* HOW TO COMPLETE THIS TASK *
Give back the full listing exactly, setting the pictures aside.

* AVAILABLE DATA *
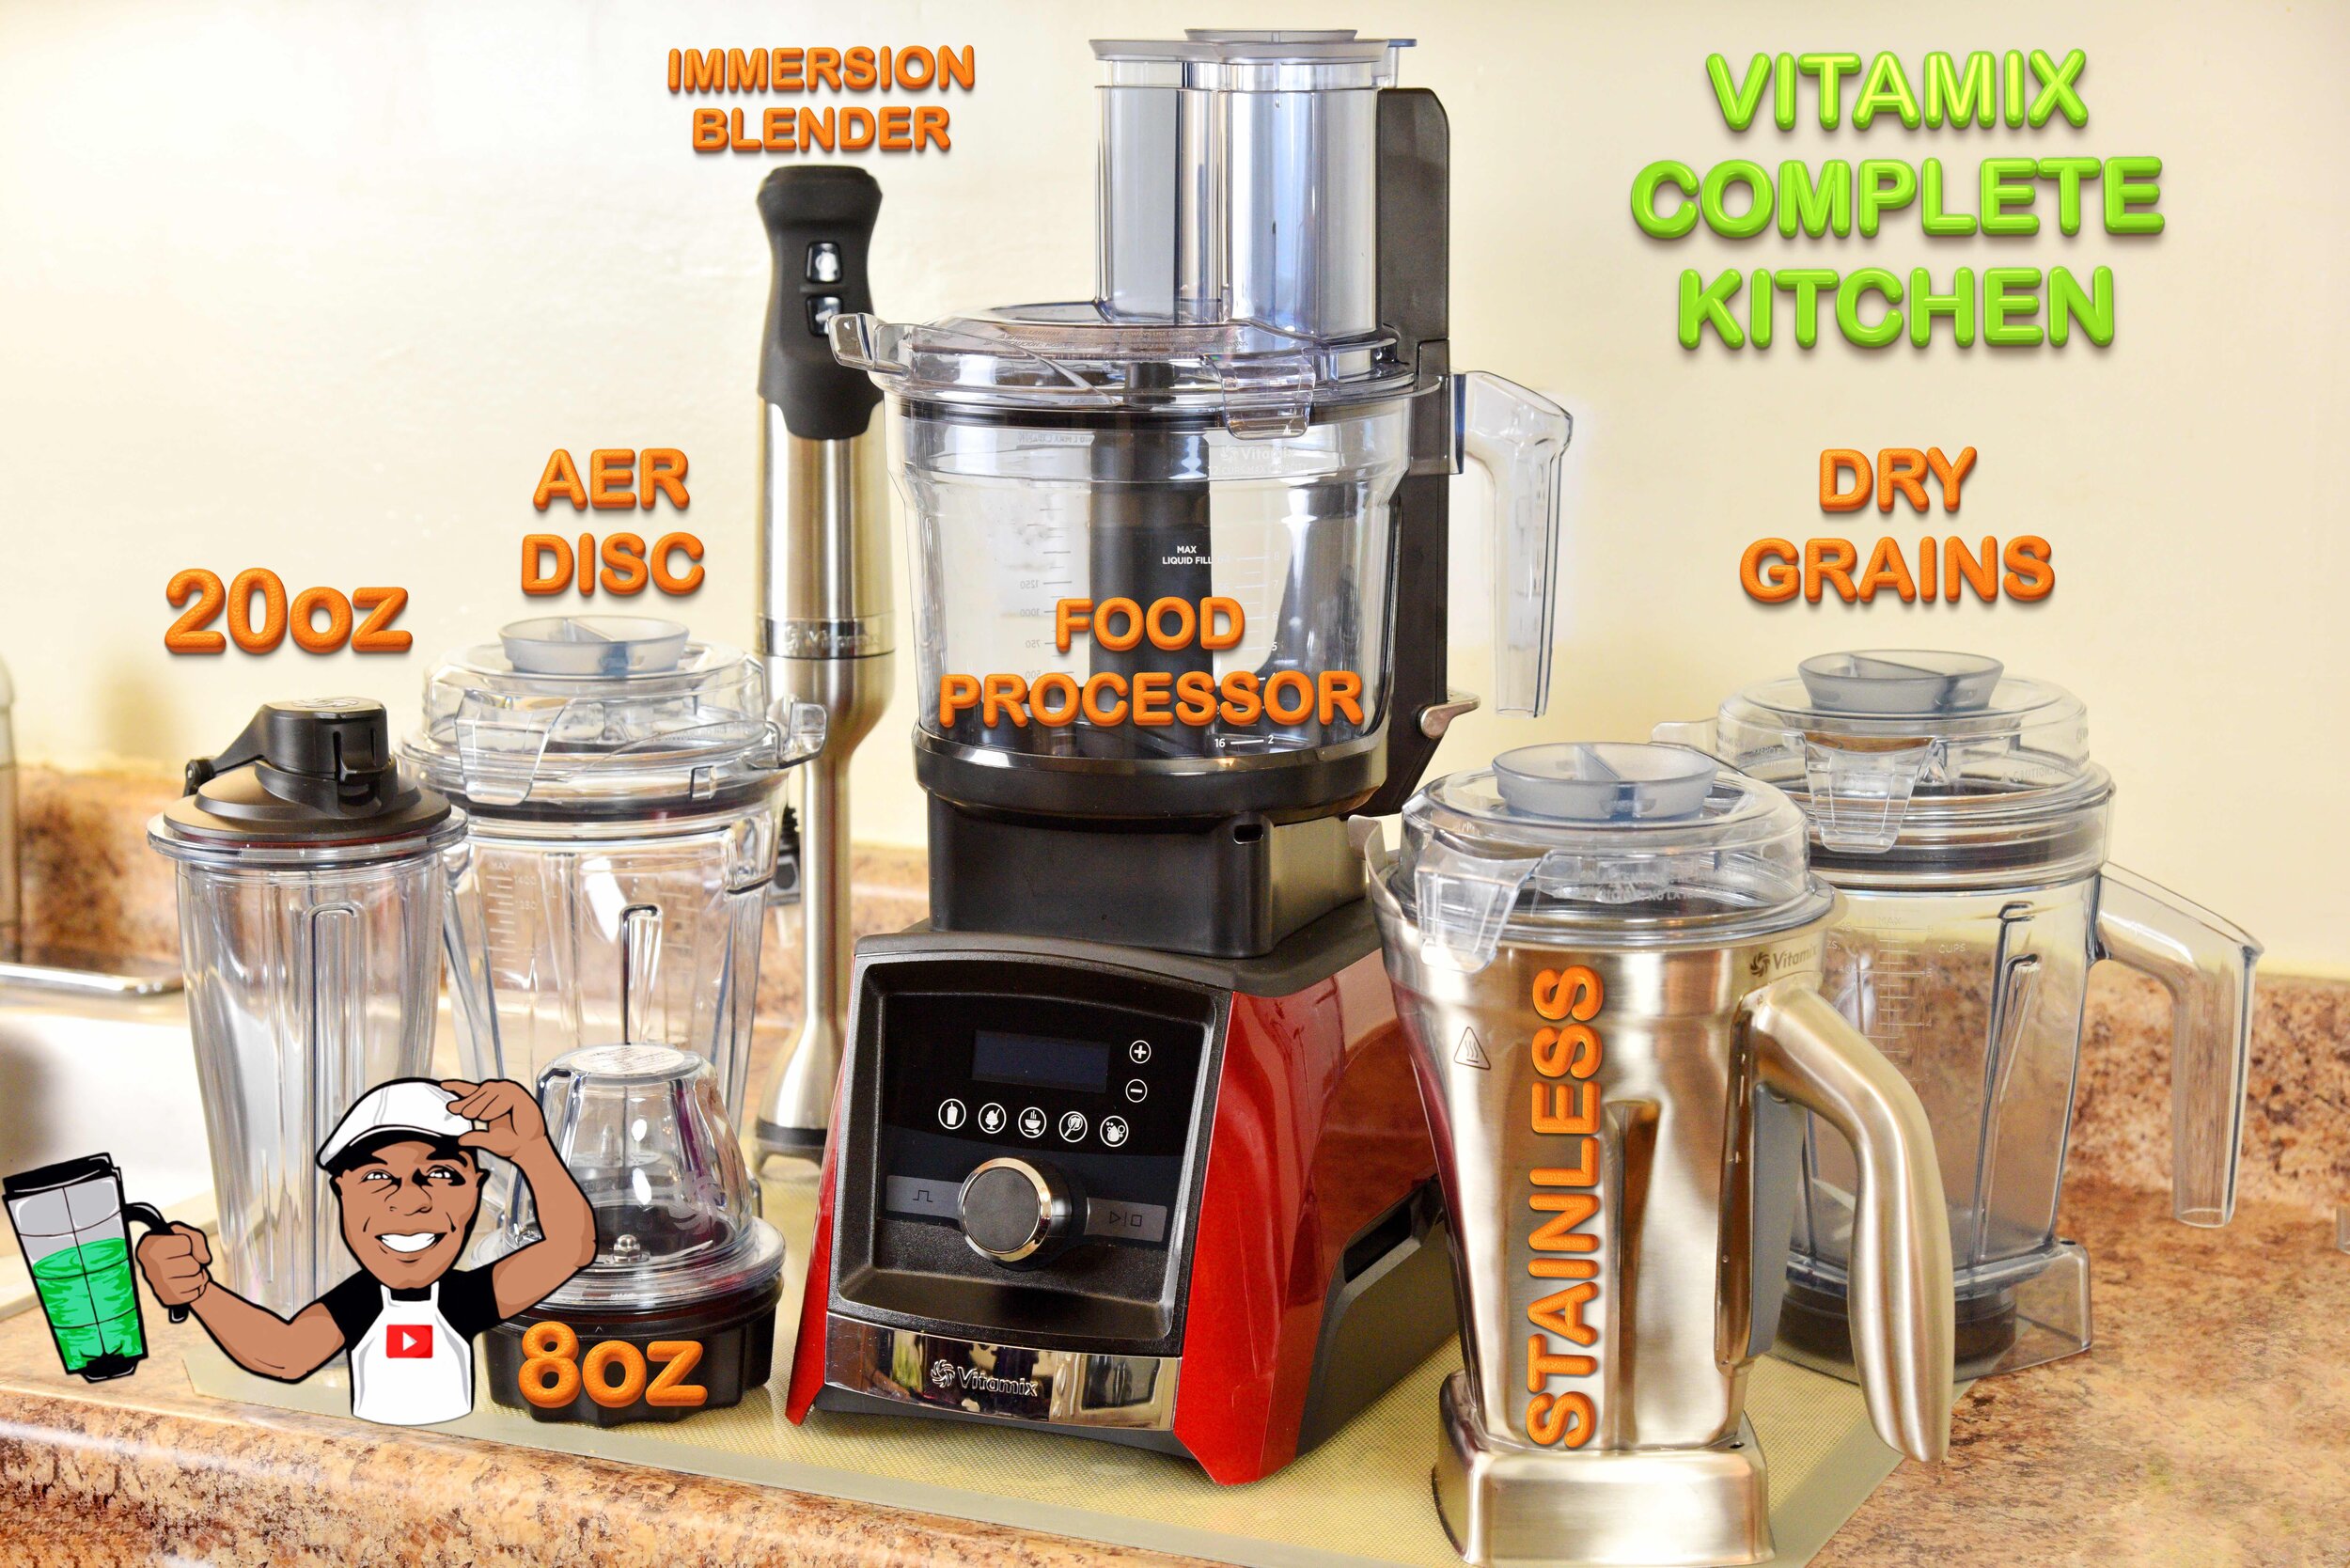 My Vitamix Complete Kitchen. 10 Recipes. All Access! — Blending With Henry, Get original recipes, reviews and discounts off of premium Blenders
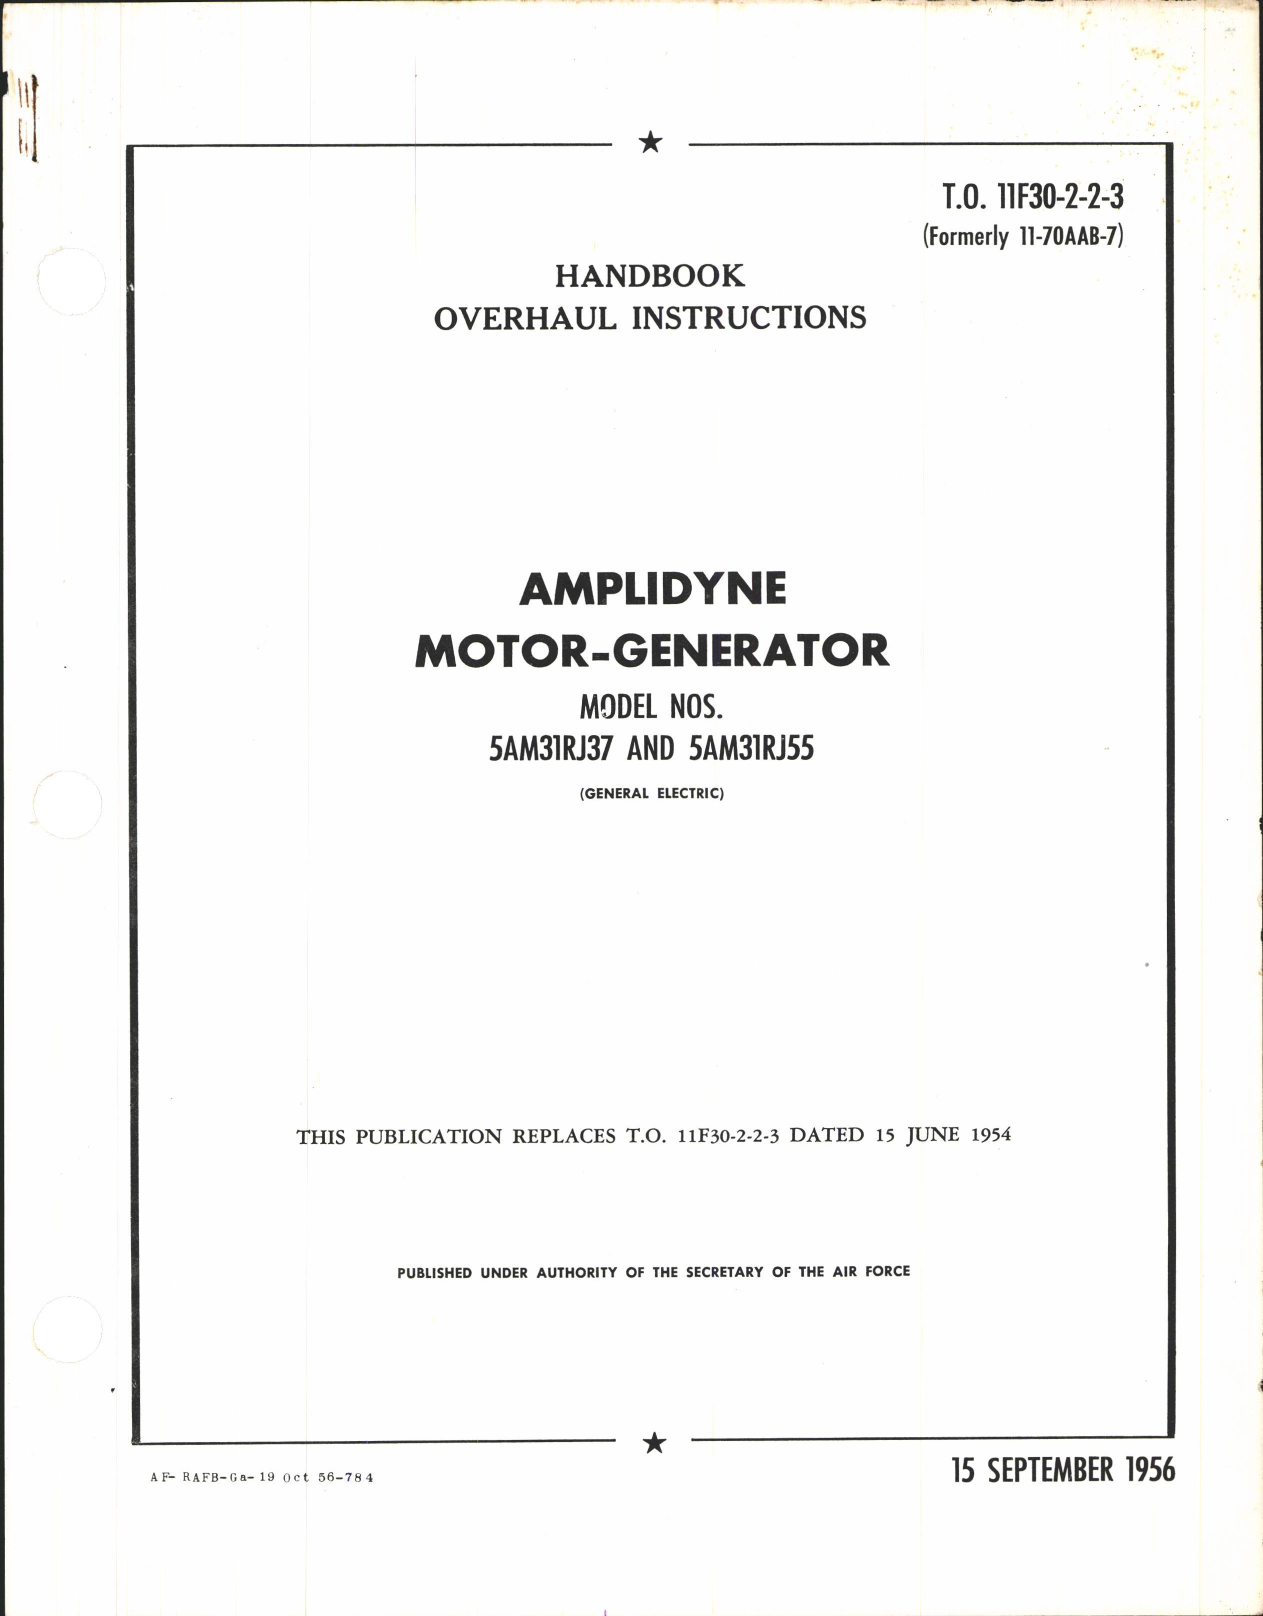 Sample page 1 from AirCorps Library document: Overhaul Instructions for Amplidyne Motor-Generator Model Nos. 5AM31RJ37 and 5AM31RJ55
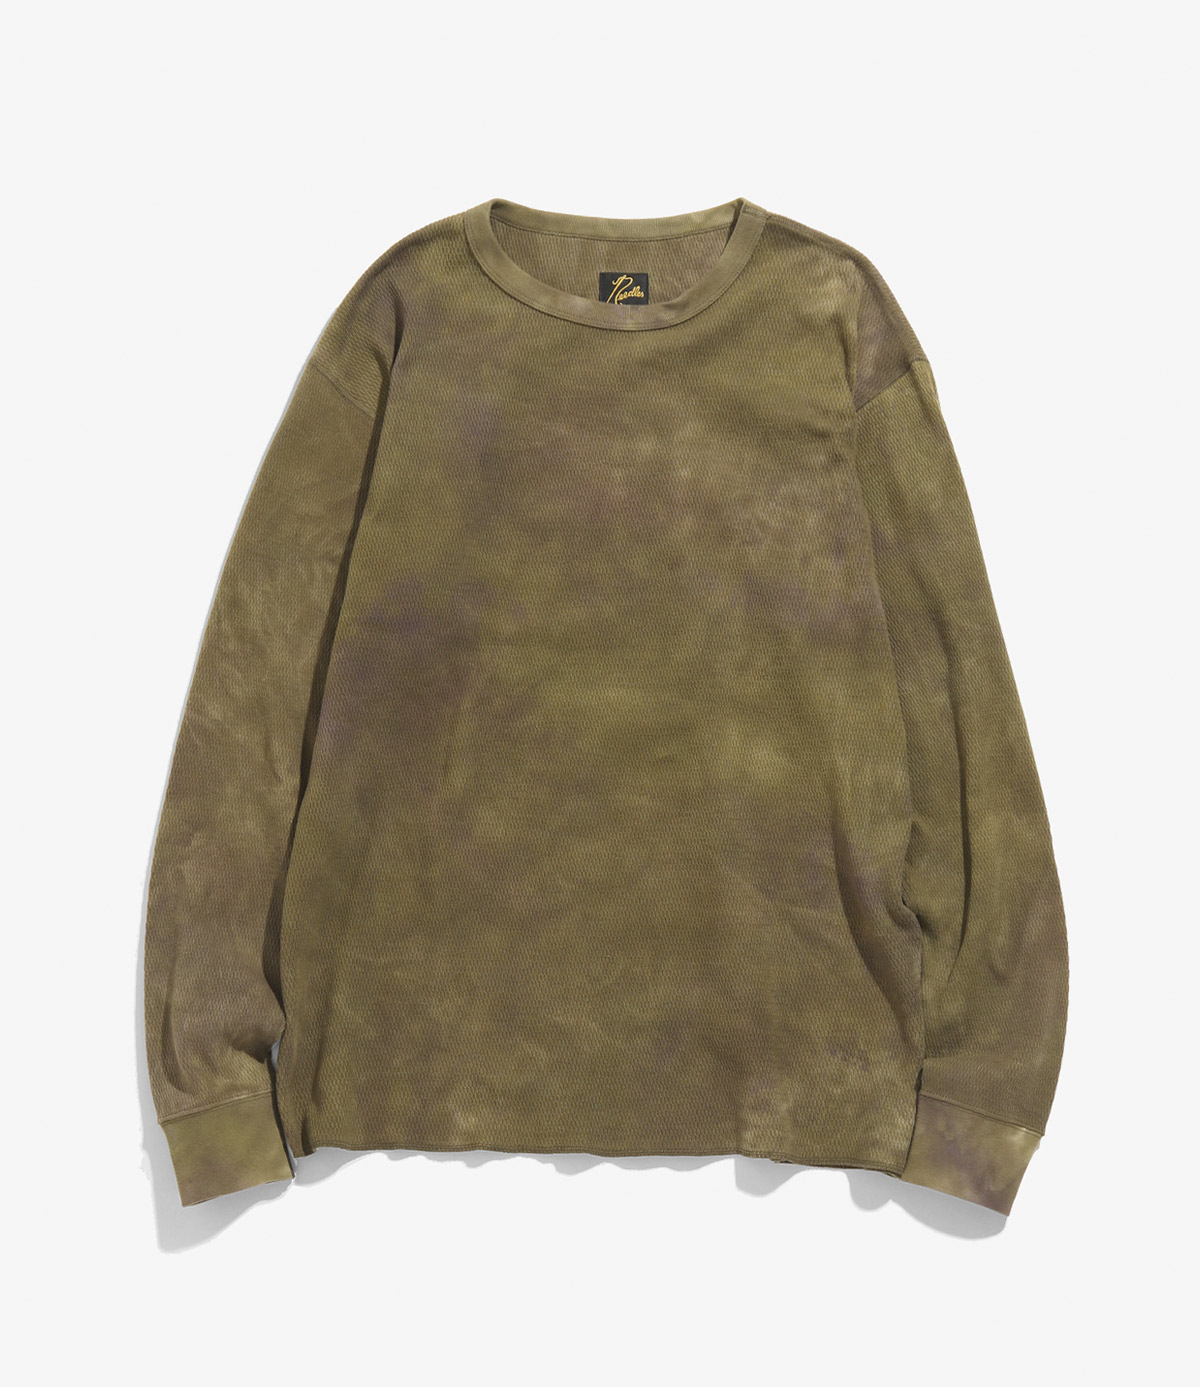 L/S CREW NECK TEE - COTTON THERMAL / UNEVEN DYE ¥16,500

* ANSWER BOX *
 My Vitamix Complete Kitchen. 10 Recipes. All Access! — Blending With Henry, Get original recipes, reviews and discounts off of premium Blenders
 Sample page 1 from AirCorps Library document: Overhaul Instructions for Amplidyne Motor-Generator Model Nos. 5AM31RJ37 and 5AM31RJ55
 L/S CREW NECK TEE - COTTON THERMAL / UNEVEN DYE ¥16,500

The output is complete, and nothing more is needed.